Ross Esmond

Code, Prose, and Mathematics.

portrait of myself, Ross Esmond
Written — Last Updated

Abstraction

Abstraction is the removal of details, possibly alongside a reformulation of a process or idea to a different model of thinking. This abstraction may even allow for more details to be provided, such that the additional specificity may be used to adjust mechanical details later. There are two counterparts to an abstraction—the higher-level and lower-level code. An abstraction answers “what” the counterparts are discussing, be it a process or object. The lower-level code then answers “how” the abstraction will be implemented. A process will contain the precise steps which must be performed to complete the process, and an object will contain the precise data which must be retained to describe the object. Finally, the higher-level code answers “why” the abstraction is being utilized. A process must be triggered by certain events, and its results must be used for some purpose. Likewise, an object must be instantiated to house some data, which must be accessed later for some reason. An abstraction asks for the intention of the higher-level code in order to inform the implementation details.

Cellphones use to have a single volume setting. You could either have a loud or quiet phone, which affected all functions. There was no way to control alarm volume separately from ringer volume. Android and iOS phones today have independent volume settings for each of these functions, improving the users agency over their phone, but this adds additional complexity for applications. Now, an alarm app needs to convey to the android OS what type of noise its making whenever is requests that the phone make said noise. The phones audio facilities, which are still an abstraction, has added details which did not exist before to inform the details of how it should produce such a sound. When an app requests a sound, it generally understands why it’s doing so—because the user set an alarm—but the OS has no way of inferring that information without being told. Conversely, the OS knows how to produce a sound, but since different phones might have wildly different speaker setups, the application would have no way of deducing how to produce a sound without the operating system’s help.

A proper abstraction requests just enough information about the intention of the higher-level code to inform the details of the implementation. A “leaky” abstraction—one which exposes lower-level details to the higher-level code—often is not requesting enough information on why the abstraction is being invoked.

Forms of abstraction

Functions, objects, and data structures may all be abstractions, though the details that they hide are different. A function hides the steps taken to achieve a desired outcome or to compute a desired value. If a function is consequential (it causes a side-effect) then it hides the mechanical details of how to achieve the result. If the function is computational (it derives a value) then it hides the details of how to compute or attain that value.

An object is a collection of functions whose implementation details are hidden.

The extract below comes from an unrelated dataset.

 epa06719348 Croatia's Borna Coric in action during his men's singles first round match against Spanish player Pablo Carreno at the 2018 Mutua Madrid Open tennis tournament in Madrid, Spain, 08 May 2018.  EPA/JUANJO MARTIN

In this way, it may be seen as a collection of individual function abstractions, but it has one additional ability. An object can encapsulate data which is operated upon by those functions. An object may then hide the data to which the functions read and write in order to affect, apply, and derive outcomes.

Data structures, unlike objects, expose their data and do no provide functions for themselves. Since the details of a data structure are exposed by definition, they are rarely associated with abstractions, but a data structure may still be an abstraction of anoter, more detailed data structure. If the phone number string "763-555-3503" is parsed into the simpler "7635553503", the second string is an abstraction of the first, as it removes the details of the formatting of the digits. Conversely, if the number "7635553503" is parsed into the data structure

{
  countryCode: "+1"
  areaCode: "763",
  number: "5553503"
}

the second data structure is still an abstraction of the first. In this case, the data structure has added detailed, rather than removed them, but it has hidden the details of how to attain the country code or area code from the string, abstracting that process. In a sense, a data structure abstraction is the result of applying a computation function to a prior, less abstract data structure.

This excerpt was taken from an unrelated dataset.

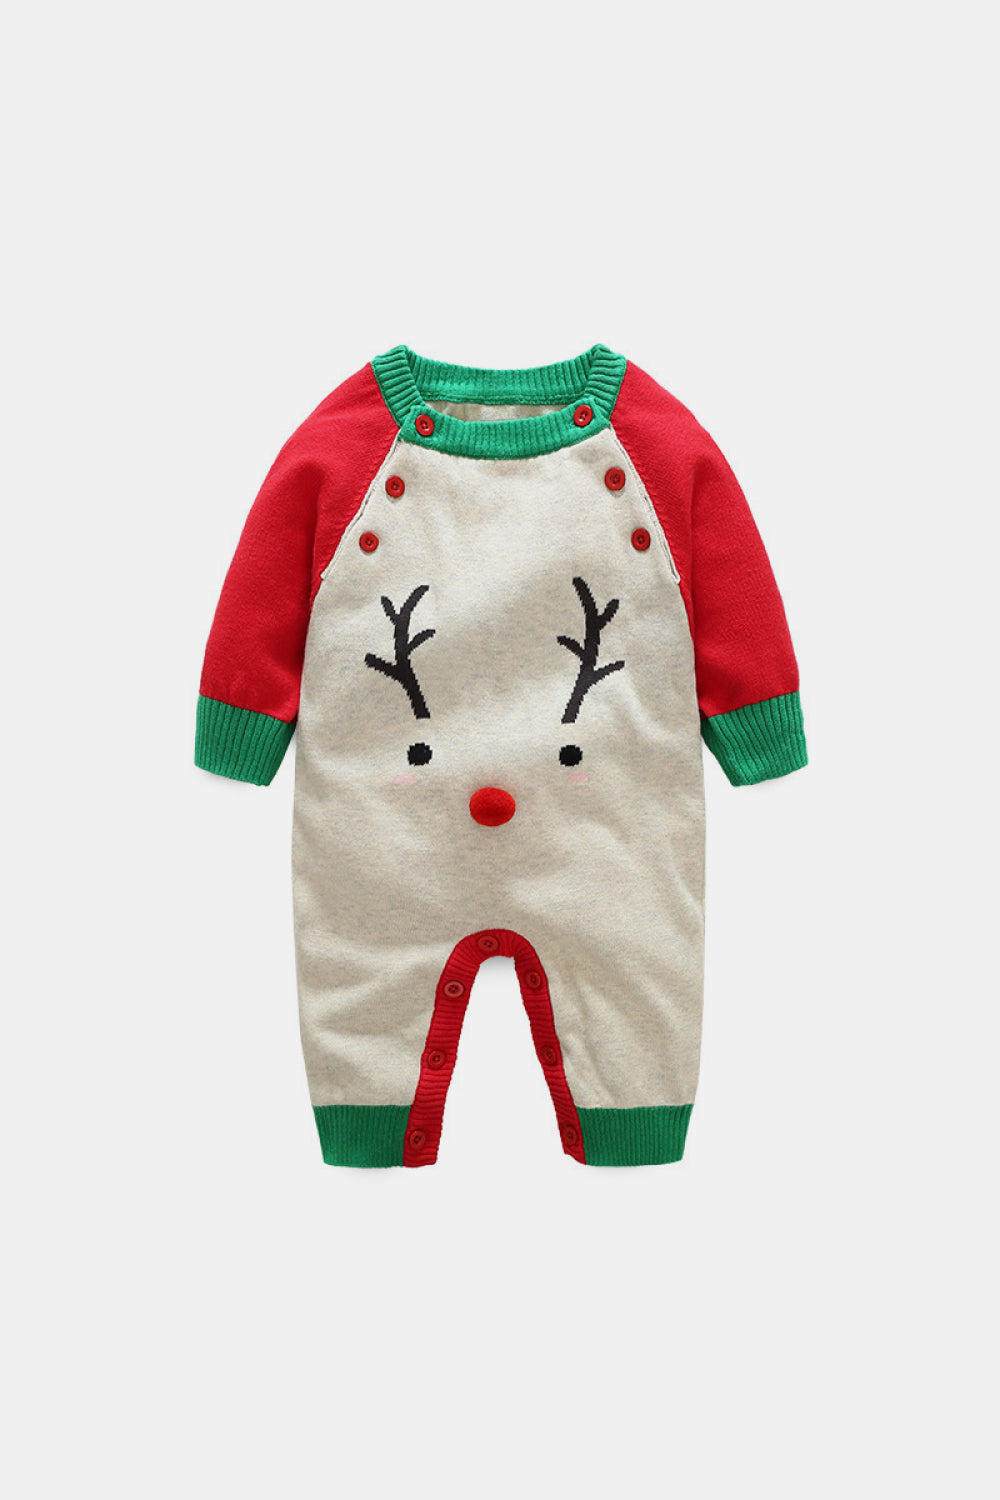 Baby Unisex Rudolph Graphic Knit Jumpsuit - Edy's Treasures

Abstractions for flexibility

Abstractions serve more purposes than just simplifying the code, of couse. Abstractions may also be used to make software more flexible. In this case, the abstraction hides details so that they may be changed in one location rather than throughout the codebase.

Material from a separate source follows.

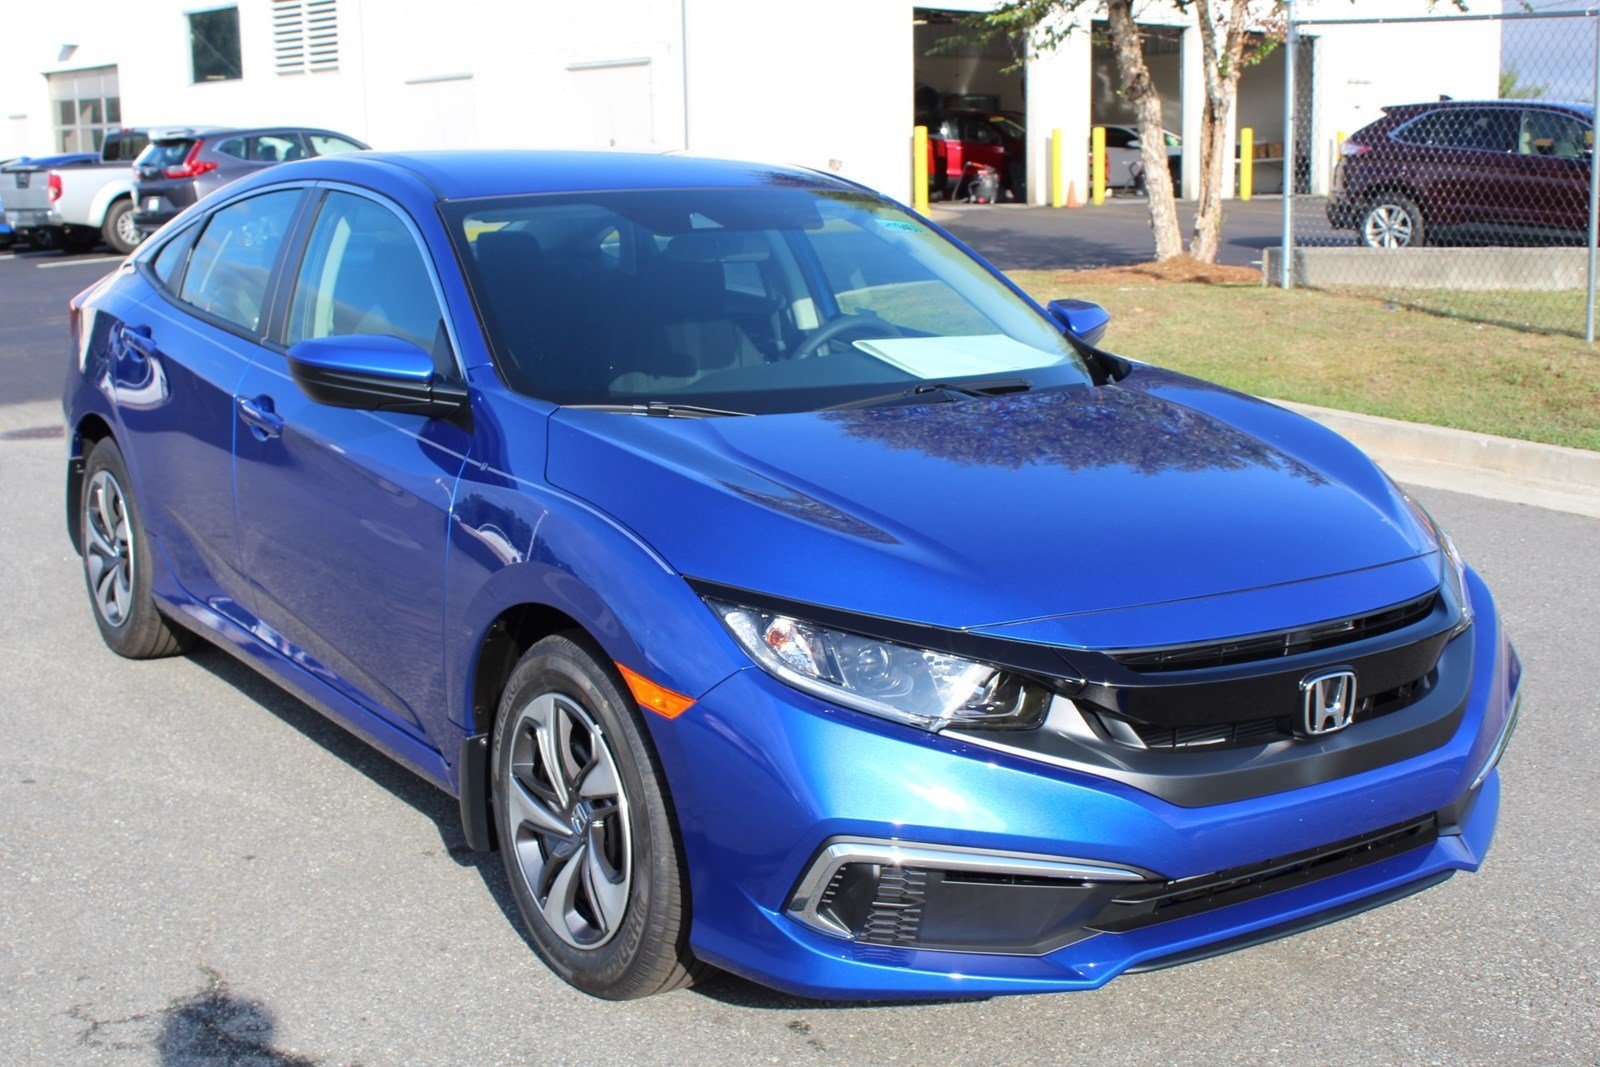 New 2019 Honda Civic LX 4dr Car in Milledgeville H19460

The first company I ever worked for used custom string id’s to track patient data in a hospital system. They constructed the string using information about the record, like patient data and the time when the record was created. These id’s were guarenteed to be unique, but only inside the hospital, which created an issue when a conglomerate of hospitals requested that their records be consolidated.

The company then needed to update the id’s to include the hospital where the record originated, such that they would be globally unique, and the cost to do so supposedly numbered in the millions of dollars. This issue could have been avoided if the construction and use of the id’s was abstracted behind an Object or a Lens. If the entire codebase called into a getId function, the cost to implement the new id would have been thousands of times less.